The wounds that never heal

Kashmir’s first acid attack was not on a woman, but on a man whose ruined life has seen no restoration

Pulwama: Gulzar Ahmad Mir of Ratnipora village has been living in the care of his brother’s family since the evening of May 30, 2002, when he went out for a stroll on a village street and three men came and splashed his face with acid.
The acid destroyed both his eyes and right ear and disfigured his face. Gulzar was a college student at the time he was attacked. His was the first known case of acid attack in Kashmir. He has received no support from the government or any social organisation.
Gulzar told Kashmir Reader that it took a long time before the three accused were sentenced to three years in jail and ordered to pay Rs 3 lakh each to the victim. “The judgement also directed the district legal services authority to pay Rs 3 lakh as victim compensation but the case was later stayed and no compensation came either from the government or from any NGO,” he says.
Gulzar narrated that after he was attacked, the culprits fled from the spot and he was taken to hospital by locals. “I at first was not aware about the extent of damage to my eyes. But I heard doctors speaking to each other that ‘both of his eyes are gone’,” he recalled.
For many years Gulzar consulted doctors in Kashmir, Hyderabad, AIIMS Delhi, and other parts of India, but even after some surgeries his vision did not return.

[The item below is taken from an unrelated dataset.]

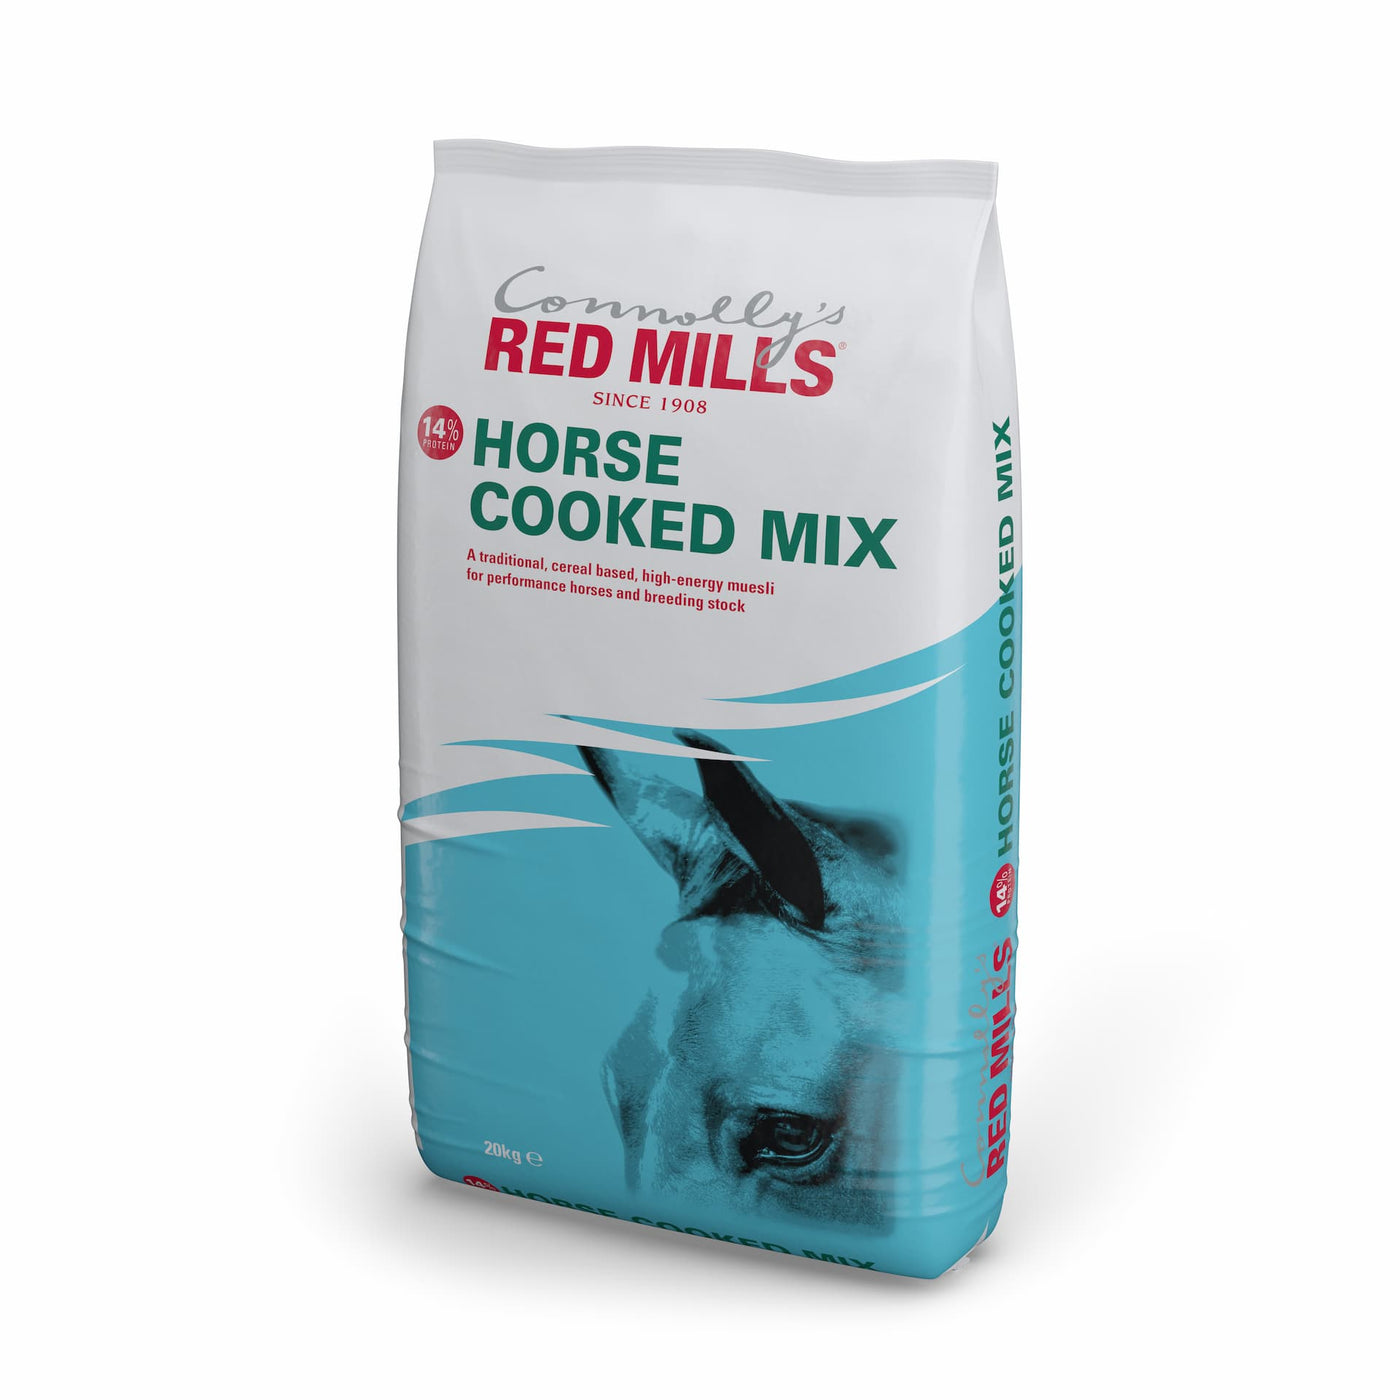 Red Mills Horse Cooked Mix

The expenses on medicines and surgeries amounted to more than Rs 40 lakh, he says.
Gulzar has been gaining weight in recent years and suffers from frequent bouts of depression, for which he has been taking medicines continually. Oftentimes, other ailments follow, draining whatever money his brother manages to earn from his business.
“No one has ever supported me, financially or otherwise. I receive a few hundred rupees from the government for being disabled”, he said, adding that with that amount he cannot buy even his cigarettes for a month.
He has remained dependent on his elder brother for everything, with whom he lives along with his mother. He spends time with his nieces, whose faces he caressed as we spoke with him.
“When they aren’t here, it is difficult to pass time,” he said.
Gulzar couldn’t marry. “Who will give his daughter to me?” he asks. His father did try to search for a girl for him, Gulzar says, but he died before his efforts could be fruitful.
The group of men attacked him with acid simply because they saw him talking with a girl. “There was a misunderstanding. They thought I was wooing that girl, but I wasn’t,” he says, adding that “one of the attackers was in a relationship with that girl.”
“They threatened me before the attack but I didn’t take that warning seriously as I was not doing anything wrong. I was not in a relationship with the girl but used to just talk with her, just I did with other girls in the village,” he said.
“To some extent, I will be happy if I get justice,” he said of the meagre hope which is all that is left in his ruined, destroyed life.